Let's make an ordered row: 64, 72, 72, 75, 78, 82, 85, 91.93. 64, 72, 72, 75, 78, 82, 85, 91, is the median of this series. 78 is the median of this series. Given an ordered row: Given an ordered row: 64, 72, 72, 75, 78, 82, 85, 88, 91, 93. (): 2 = 80 is the median. (): 2 = 80 - median.


1. Find the median of a series of numbers: a) 30, 32, 37, 40, 41, 42, 45, 49, 52; a) 30, 32, 37, 40, 41, 42, 45, 49, 52; b) 102, 104, 205, 207, 327, 408, 417; b) 102, 104, 205, 207, 327, 408, 417; c) 16, 18, 20, 22, 24, 26; c) 16, 18, 20, 22, 24, 26; d) 1.2, 1.4, 2.2, 2.6, 3.2, 3.8, 4.4, 5.6. d) 1.2, 1.4, 2.2, 2.6, 3.2, 3.8, 4.4, 5.6. 2. Find the arithmetic mean and median of a number of numbers: a) 27, 29, 23, 31,21,34; a) 27, 29, 23, 31, 21, 34; b) 56, 58, 64, 66, 62, 74; b) 56, 58, 64, 66, 62, 74; c) 3.8, 7.2, 6.4, 6.8, 7.2; c) 3.8, 7.2, 6.4, 6.8, 7.2; d) 21.6, 37.3, 16.4, 12, 6.d) 21.6, 37.3, 16.4, 12, 6.
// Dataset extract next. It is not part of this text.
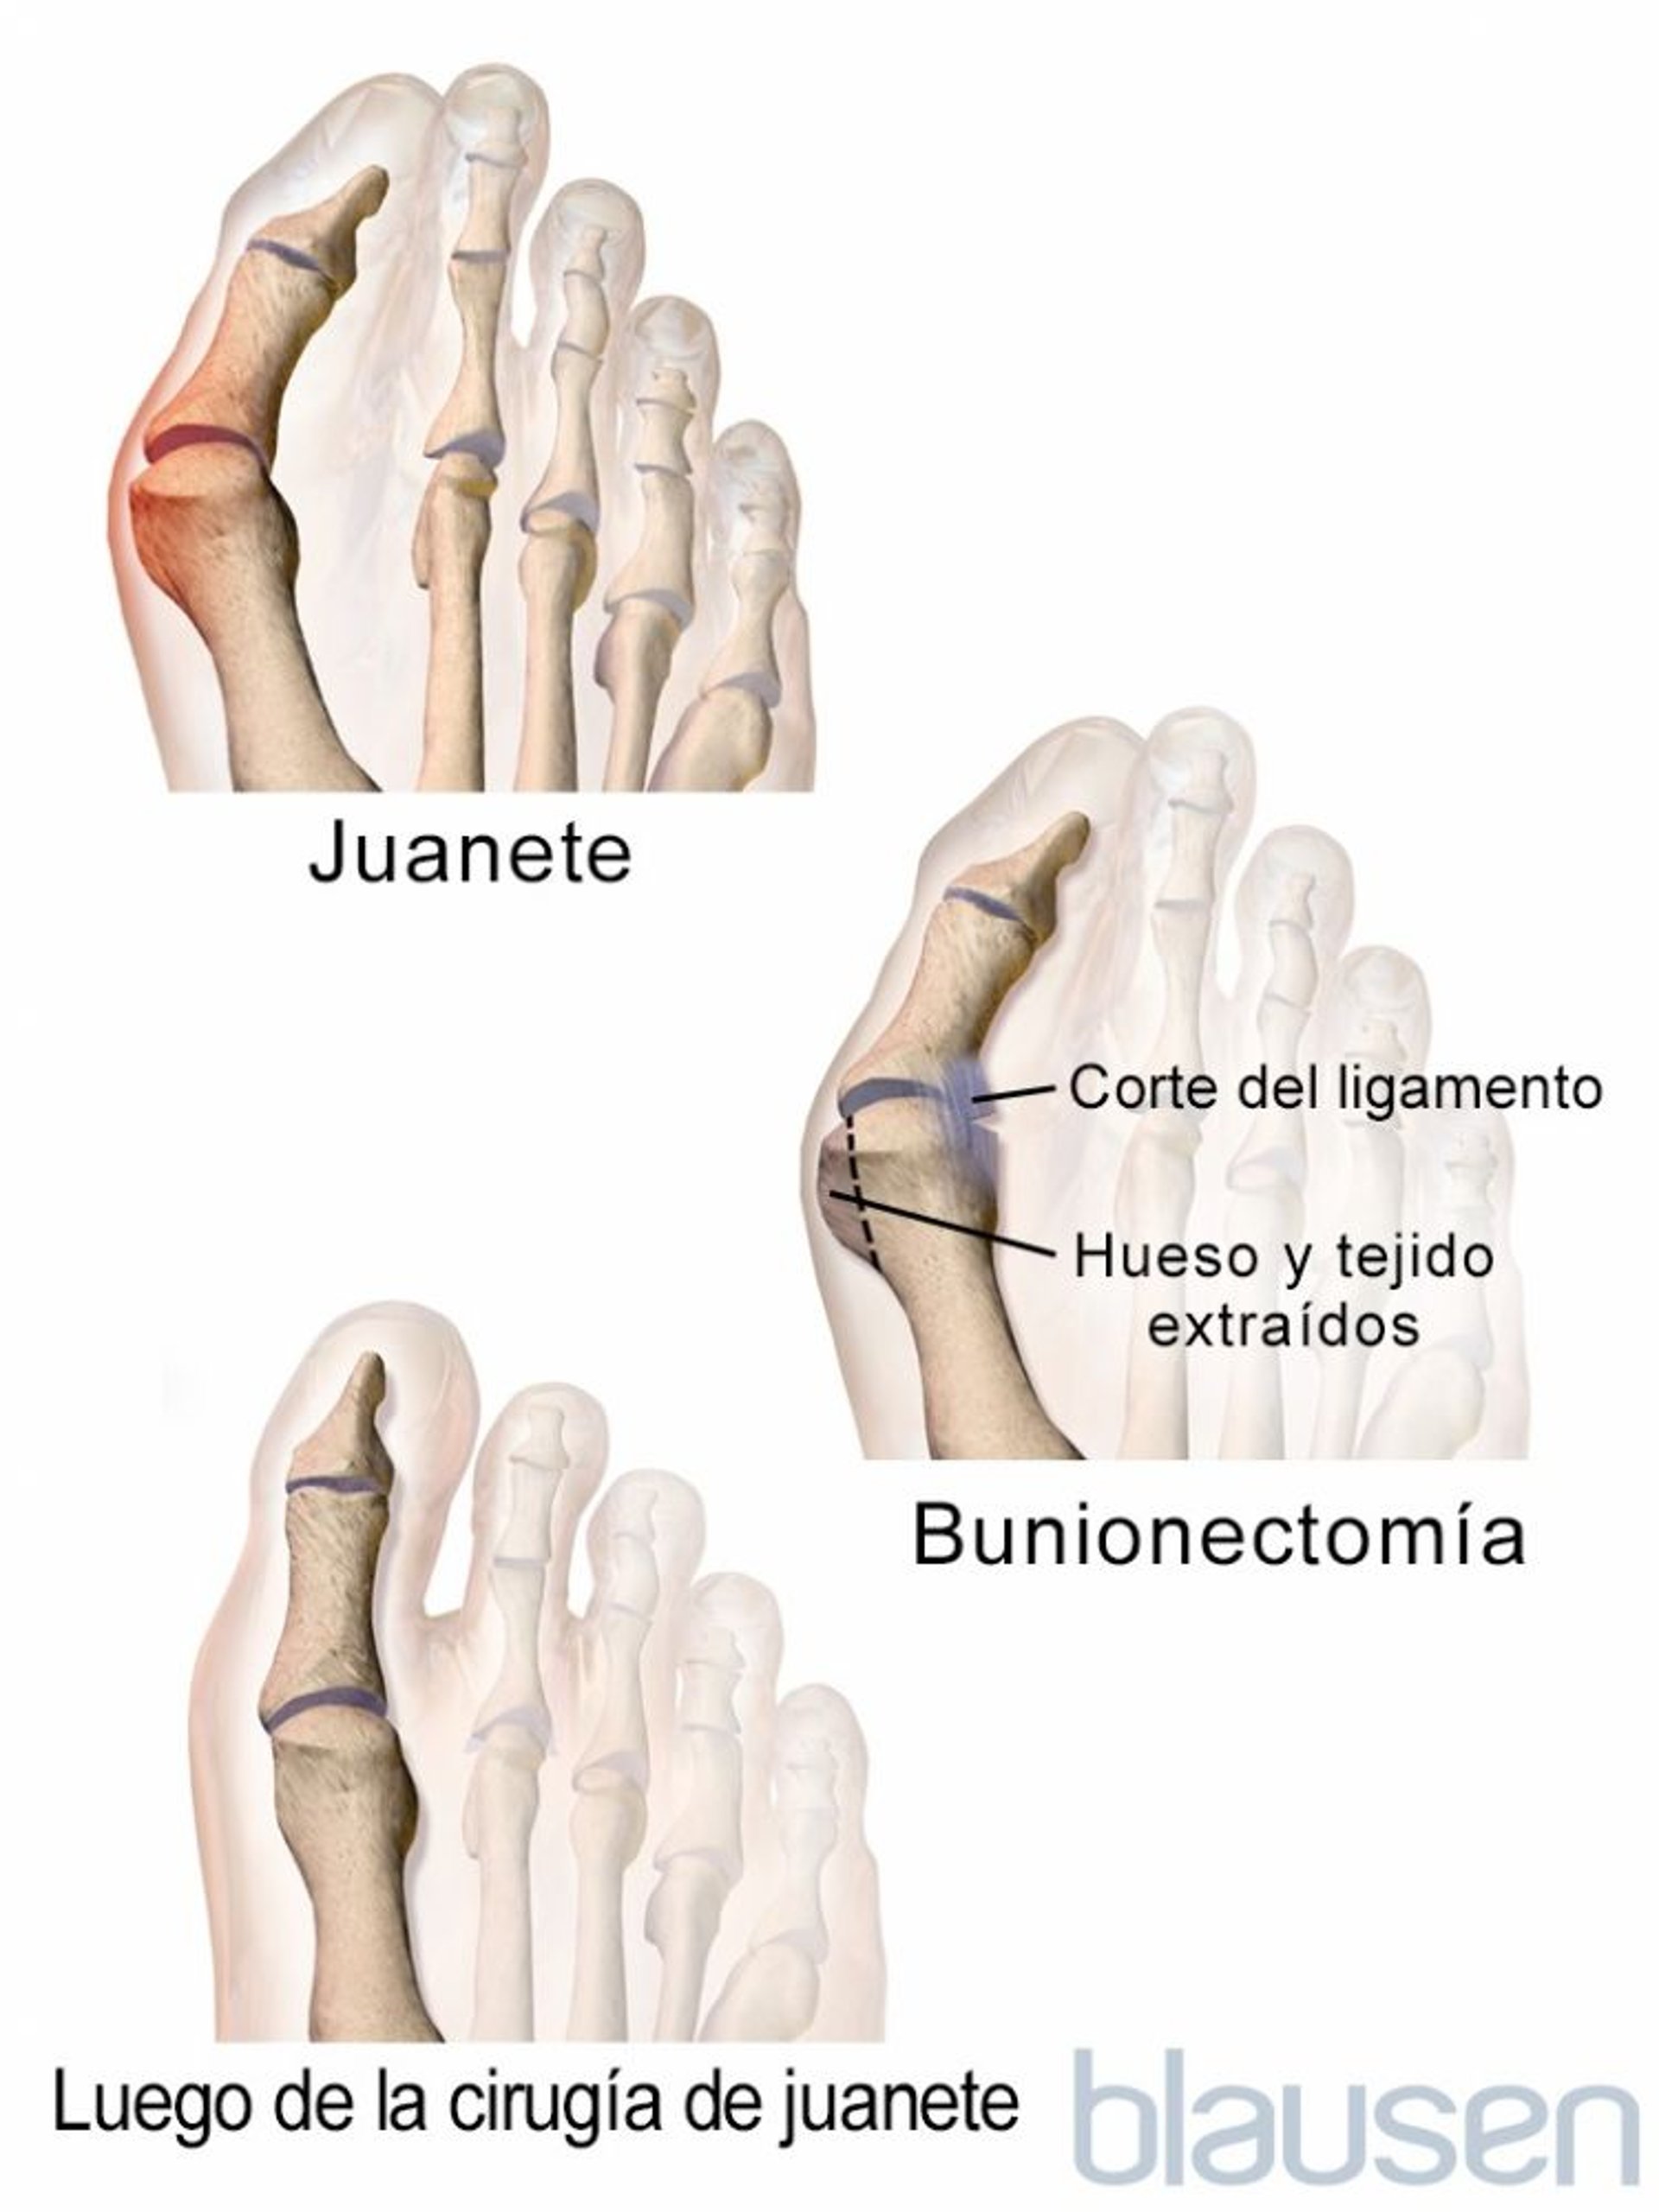 Exostectomía del primer dedo del pie o corrección de juanetes

3. The table shows the number of visitors to the exhibition on different days of the week: Find the median of the specified data series. On what days of the week was the number of visitors to the exhibition higher than the median? Days of the week Mon Mon Tue Wed Wed Thu Thu Fri Fri Sat Sat Sun Sun Number of visitors


4. Below is the average daily sugar processing (in thousand centners) by sugar factories of a certain region: (in thousand centners) by sugar factories of a certain region: 12.2, 13.2, 13.7, 18.0, 18.6 , 12.2, 18.5, 12.4, 12.2, 13.2, 13.7, 18.0, 18.6, 12.2, 18.5, 12.4, 14, 2, 17 ,eight. 14, 2, 17.8. For the presented series, find the arithmetic mean, mode, range, and median. For the presented series, find the arithmetic mean, mode, range, and median. 5. The organization kept a daily record of letters received during the month. As a result, we got the following data series: 39, 43, 40, 0, 56, 38, 24, 21, 35, 38, 0, 58, 31, 49, 38, 25, 34, 0, 52, 40, 42, 40 , 39, 54, 0, 64, 44, 50, 38, 37, 43, 40, 0, 56, 38, 24, 21, 35, 38, 0, 58, 31, 49, 38, 25, 34, 0 , 52, 40, 42, 40, 39, 54, 0, 64, 44, 50, 38, 37, 32. For the presented series, find the arithmetic mean, mode, range and median. For the presented series, find the arithmetic mean, mode, range, and median.


Homework... At the figure skating competitions, the performance of the athlete was assessed with the following points: At the figure skating competitions, the performance of the athlete was assessed with the following points: 5.2; 5.4; 5.5; 5.4; 5.1; 5.1; 5.4; 5.5; 5.3. 5.2; 5.4; 5.5; 5.4; 5.1; 5.1; 5.4; 5.5; 5.3. For the resulting series of numbers, find the arithmetic mean, range and mode. For the resulting series of numbers, find the arithmetic mean, range and mode.



TEST

On the topic: "Fashion. Median. Methods of their calculation"


Introduction

Average values ​​and associated indicators of variation play a very important role in statistics, which is due to the subject of its study. Therefore, this topic is one of the central topics in the course.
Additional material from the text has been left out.